PCA, correlation and Sankey plots

The PCA was carried out in R using the prcomp() command in the stats package. PCA plots were generated using the ggplot2 and ggfortify packages in R. Correlation plots were created using Prism v.10.4.1 (GraphPad Software). Sankey plots were created using SankeyMATIC (https://sankeymatic.com/).

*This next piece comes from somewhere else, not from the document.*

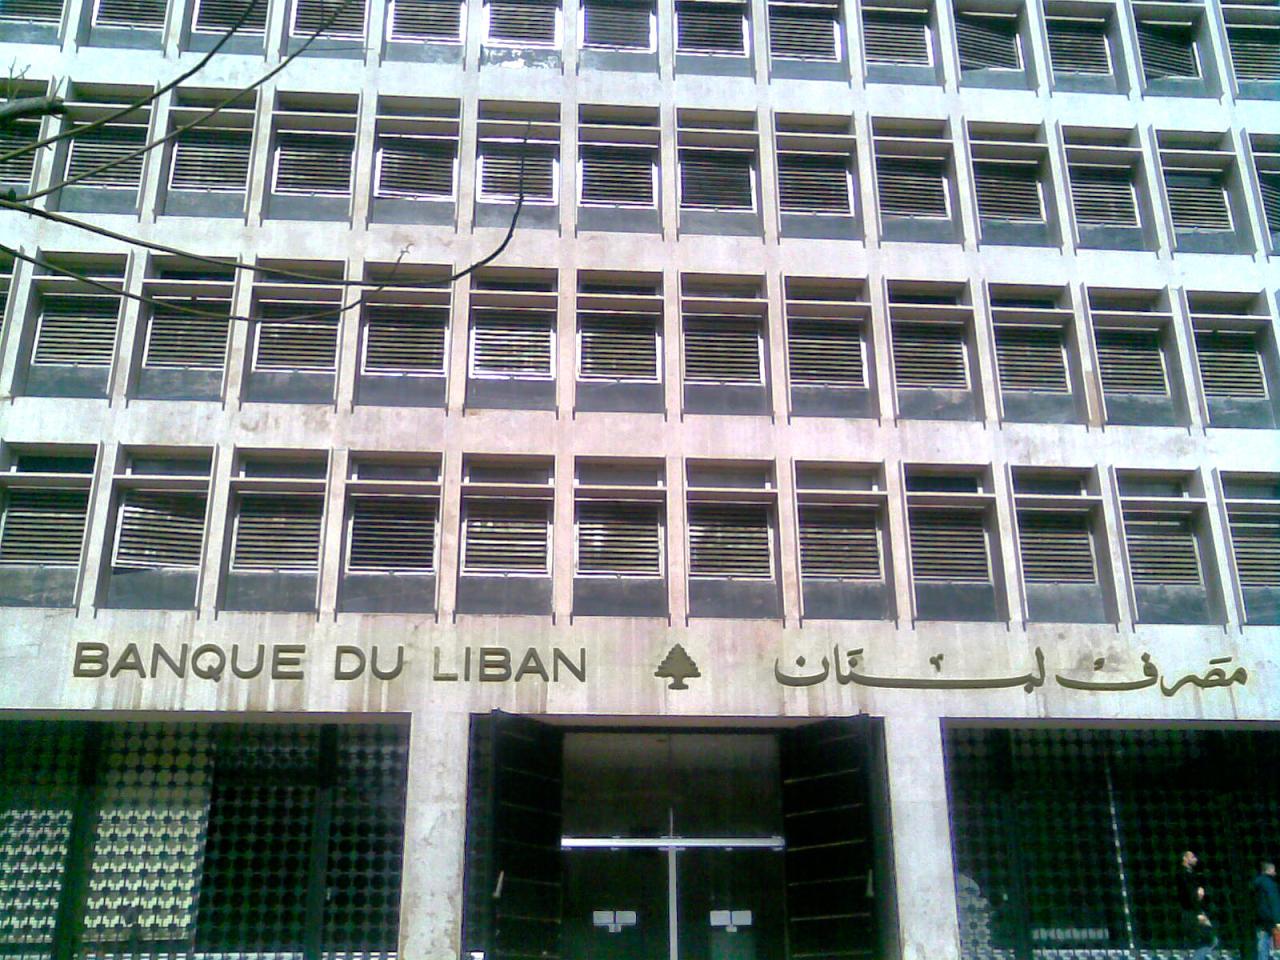 لبنان يغلق حسابات مؤسسات كبرى لحزب الله

Sodium nitroprusside exposure

Human cadaveric islets (n = 6 different biological preparations) were resuspended in serum-free defined Connaught Medical Research Laboratories medium containing 2% fatty-acid-free BSA within 24–60 h of isolation. Islets were then exposed to different concentrations (0 mM, 1 mM and 10 mM) of freshly prepared sodium nitroprusside for 24 h. Experimental culture supernatants (without contamination from islet cells) were collected for miRNA analysis. RNA isolation and miRNA qPCR with reverse transcription were performed as described above. Normalized Ct values were used to perform supervised clustering analyses with the ComplexHeatmap package in R based on Euclidean distance.

Pathway analysis

MiRNAs that distinguished the UQ of drug responders from the LQ of drug responders (Fig. 5C) in the imatinib trial were assessed for targeting pathways using miRBase, AmiGO2 and miRPathDB. We evaluated the four key miRNAs (miR-24-3p, miR-25-3p, miR-27b-3p and miR-92a-3p) using miRPathDB 2.0, which offers comprehensive resources for miRNA target pathway analyses. These four miRNAs targeted distinct sets of genes with as little as 2.7% overlap between miR-27b-3p and miR-24-3p targeting pathways (Jaccard coefficient = 0.027), to a higher overlap (Jaccard index = 0.252) between miR-25-3p and miR-92a-3p. As the drug used in the imatinib trial targets the tyrosine kinase pathway, the analysis focused on tyrosine kinase and some of the other relevant pathways, as illustrated in Fig. 5e. All computationally identified genes targeted by these miRNAs were compared to the known imatinib targets^{37,38,39,40,41,42,43,44,45}.

Further details of the products and software package versions are provided in Supplementary Tables 10 and 11respectively.

Reporting summary

Further information on research design is available in the Nature Portfolio Reporting Summary linked to this article.